Around 22nd of February 2022, SPEC 2017 538.imagick_r regressed on all x86_64 systems used by our periodic benchmarker. I have bisected the zen3 -Ofast -march=native -flto case to revision r12-7319-g90d693bdc9d718 but I think most if not all of the regressions are caused by this: commit 90d693bdc9d71841f51d68826ffa5bd685d7f0bc Author: Richard Biener <rguenther@suse.de> Date: Fri Feb 18 14:32:14 2022 +0100 target/99881 - x86 vector cost of CTOR from integer regs This uses the now passed SLP node to the vectorizer costing hook to adjust vector construction costs for the cost of moving an integer component from a GPR to a vector register when that's required for building a vector from components.
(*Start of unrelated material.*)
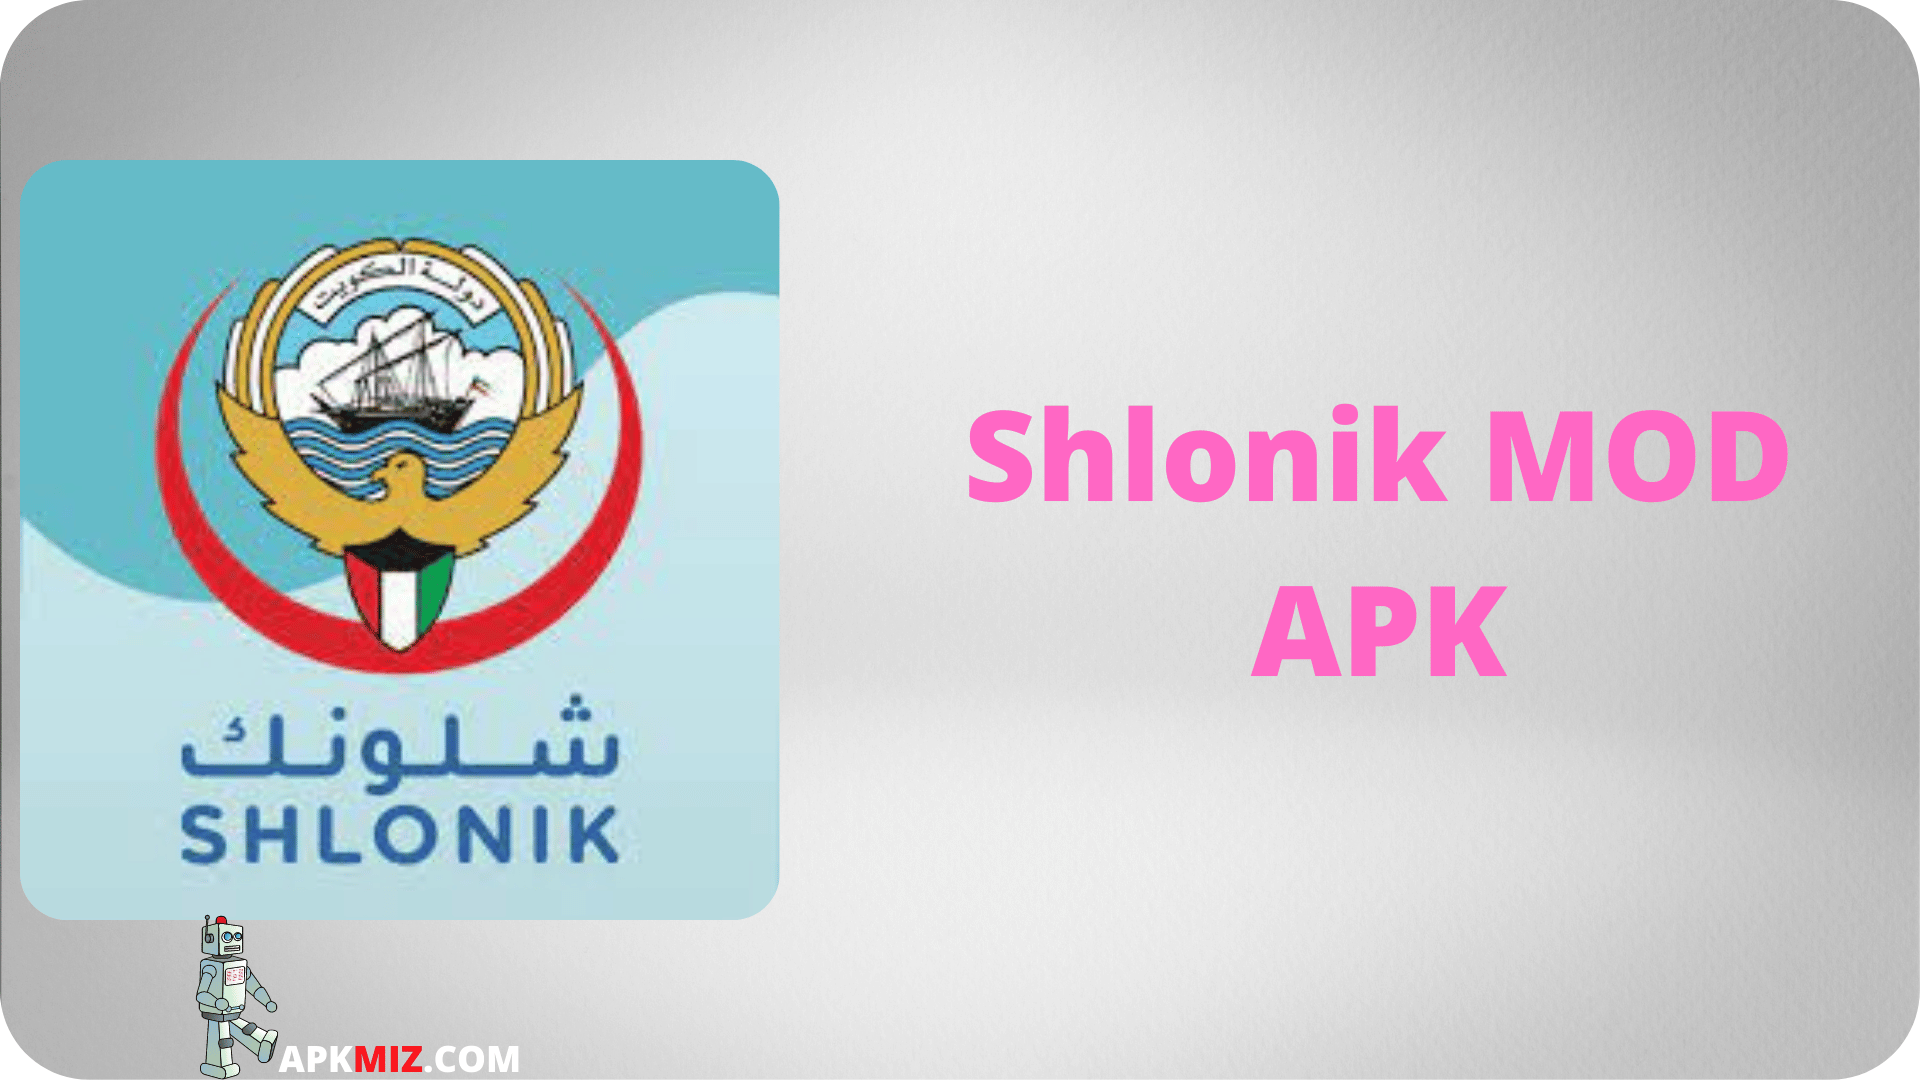 Shlonik MOD APK

A cruical difference here is whether the component is loaded from memory or extracted from a vector register as in those cases no intermediate GPR is involved. The pr99881.c testcase can be Un-XFAILed with this patch, the pr91446.c testcase now produces scalar code which looks superior to me so I've adjusted it as well. List of (selected) regressions with links to LNT graphs: zen2 -O2 regressed by 26%: https://lnt.opensuse.org/db_default/v4/SPEC/graph?plot.0=297.507.0 zen2 -O2 -flto regressed by 26% too: https://lnt.opensuse.org/db_default/v4/SPEC/graph?plot.0=296.507.0 zen2 -Ofast -march=native by 28%: https://lnt.opensuse.org/db_default/v4/SPEC/graph?plot.0=295.507.0 zen2 -Ofast -march=native -flto by 23: https://lnt.opensuse.org/db_default/v4/SPEC/graph?plot.0=287.507.0 zen3 -O2 by 8%: https://lnt.opensuse.org/db_default/v4/SPEC/graph?plot.0=470.507.0 zen3 -O2 -march=native by 18%: https://lnt.opensuse.org/db_default/v4/SPEC/graph?plot.0=472.507.0 zen3 -Ofast -march=native by 17%: https://lnt.opensuse.org/db_default/v4/SPEC/graph?plot.0=471.507.0 zen3 -Ofast -march=native -flto by 10%: https://lnt.opensuse.org/db_default/v4/SPEC/graph?plot.0=475.507.0 kabylake -O2 by 9%: https://lnt.opensuse.org/db_default/v4/SPEC/graph?plot.0=226.507.0 (though this one looks suspiciously noisy) kabylake -O2 -march=native by 16%: https://lnt.opensuse.org/db_default/v4/SPEC/graph?plot.0=28.507.0 kabylake -Ofast -march=native by 22%: https://lnt.opensuse.org/db_default/v4/SPEC/graph?plot.0=32.507.0 kabylake -Ofast -march=native -flto by 15%: https://lnt.opensuse.org/db_default/v4/SPEC/graph?plot.0=11.507.0
The same revision also regressed SPEC 2017 INTrate benchmark x264_r by about 10% at -Ofast -march=native with and without LTO on zen3: https://lnt.opensuse.org/db_default/v4/SPEC/graph?plot.0=471.377.0 https://lnt.opensuse.org/db_default/v4/SPEC/graph?plot.0=475.377.0 and I suspect (unlike the above, I have not actually verified it) also on zen2: https://lnt.opensuse.org/db_default/v4/SPEC/graph?plot.0=295.377.0 https://lnt.opensuse.org/db_default/v4/SPEC/graph?plot.0=287.377.0
For 525, it's PR101929, for 538, it's STF issue.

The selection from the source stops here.